Let’s break this down in simple terms. A query plan is structured as a tree. Each branch of this tree is called a ‘plan node’. In the query plan, each of these nodes begin with an -> arrow. The nodes at the lowest level correspond to how rows are fetched from a table. Each node on a higher level performs some operation on its child nodes. For example, if we have a query as following:

select count(*) from students where age > 10 and mentor_id = 1

One of the possible ways this query can be processed is to fetch a set of all students whose age is greater than 10. Fetch another set of students whose mentor_id is 1. Then an AND operation can be performed on both sets to get the final result. In this case, the query plan would have two bottom level nodes and a parent node for the AND operation. There can be higher level nodes for any type of operations, like SORT, LIMIT, JOIN etc. that can be performed on raw rows.

Now let’s go through each aspect of a query plan in more detail.

Fetching raw rows

A database can fetch rows from a table in different ways. This depends on factors such as indexes, the volume of rows to be fetched, the size of the table in question etc.

Sequential scan

In a sequential (or full) table scan, all table rows are loaded into the memory. If the query has any filtering criteria, they will be applied in-memory on the appropriate columns. The rows that satisfy the filtering condition are transmitted further. This method is used when indexes are missing on the columns present in the query predicate (where clause). In the above example, all user rows are fetched and the rows that fail on the created_at condition are discarded.

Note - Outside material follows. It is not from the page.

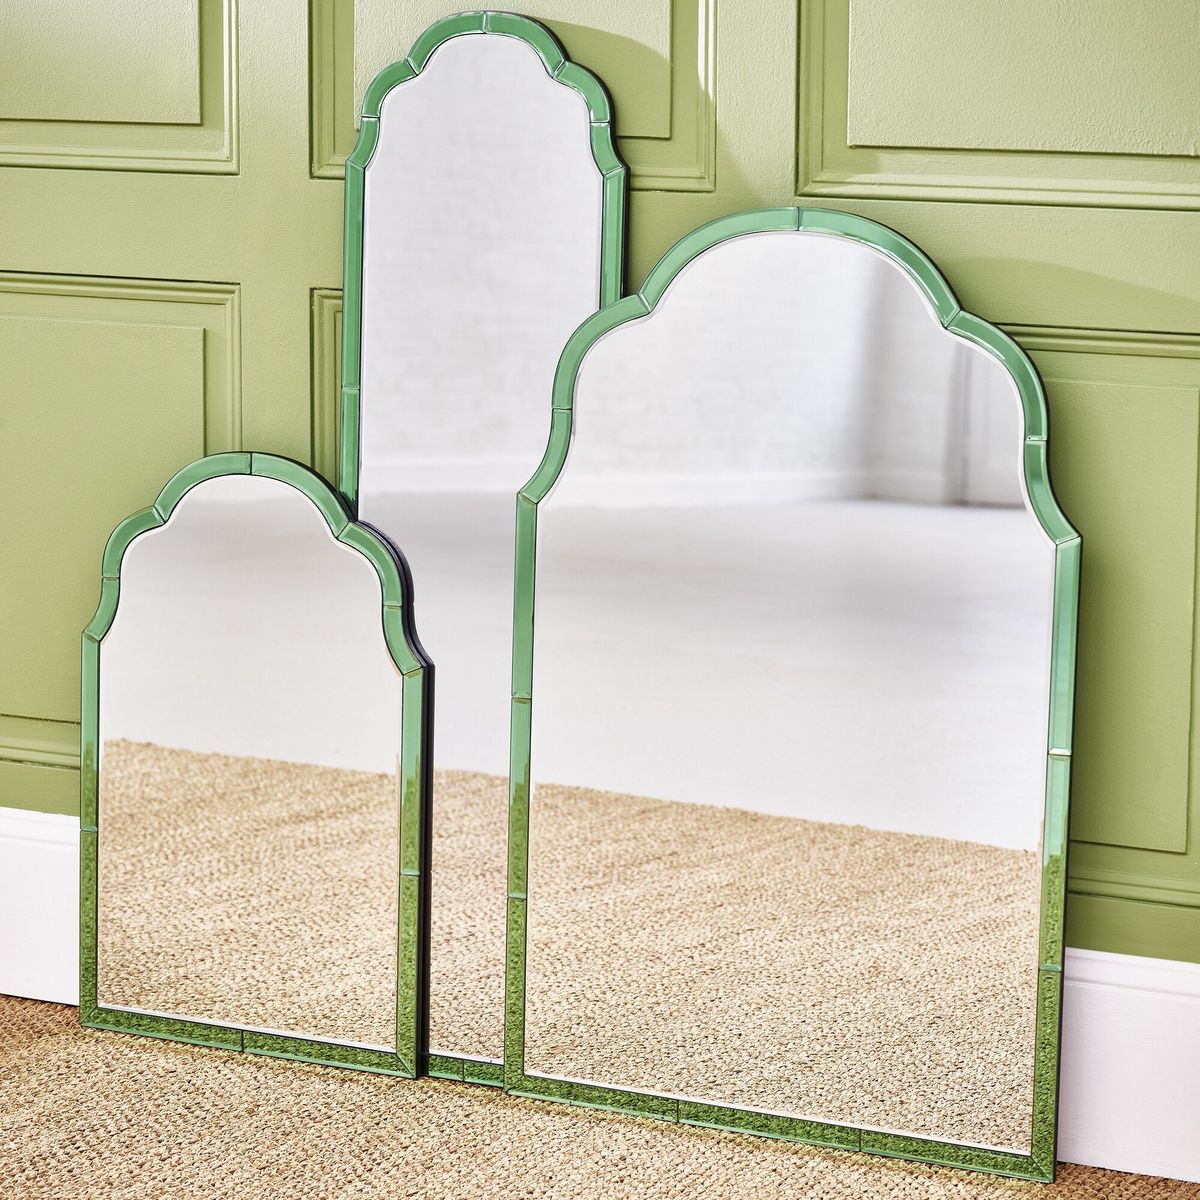  This £10 mirror is the perfect dupe for Oliver Bonas' £125 sellout product 
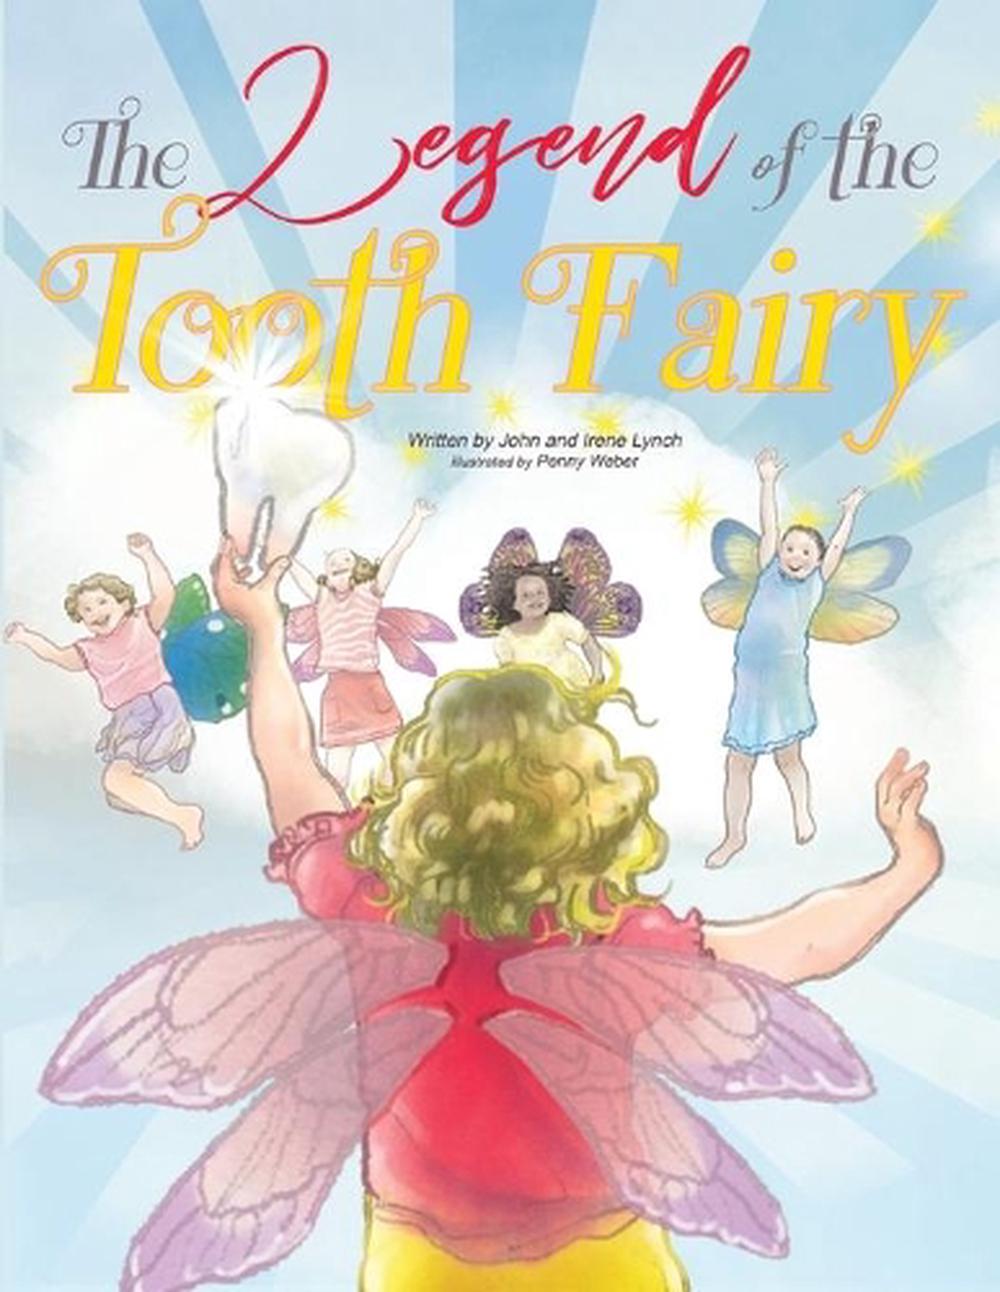 toothfairy book

Though a sequential scan usually indicates missing indexes, a query planner may employ this approach even when an index is present on the filtering column. This may happen if:

  • A table has very few rows. An index scan requires random seeks. If the whole table can fit within a few heap pages, it is just cheaper in terms of I/O operations to load all those pages into the memory, thus avoiding the overhead of random seeks.
  • A query would return a large percentage of table rows. If suppose you’ve a query that would return 90% of all rows in a large table. In such a case, each page would contain several rows that satisfy the query predicate. Again, fetching the whole page at once trumps over performing random seek that would access the same page several times.

Databases maintain query statistics to determine when to use sequential scan over index scan.

Index scan

For an index scan to work an index must be present on the column used in the query predicate. The database uses that index to get the reference of all the tuples (rows) that satisfy the query predicate. Then the corresponding page is accessed in the heap to fetch the rest of the required data from each tuple.

Suppose that a query has multiple predicates and all the columns in those predicates have indexes on them. The planner would typically not perform index scans for all the predicates. It would use index scan only on one of those columns and perform in-memory filtering for the remaining predicates.

An index scan can be used for queries that have an ORDER BY condition that matches the index order. This saves an extra sorting step.

Bitmap scan

A plain index scan fetches one tuple-pointer at a time from the index and immediately visits that tuple in the table. This may mean a single page is visited multiple times if several tuples are located in it. A more optimal use of I/O operations would be to visit a page only once and fetch all desired tuples from it. A bitmap scan does just that.

A bitmap index scan fetches all the tuple-pointers from the index at once and sorts them using a bitmap data structure. A bitmap heap scan visits each heap page to fetch all desired tuples from it in one go.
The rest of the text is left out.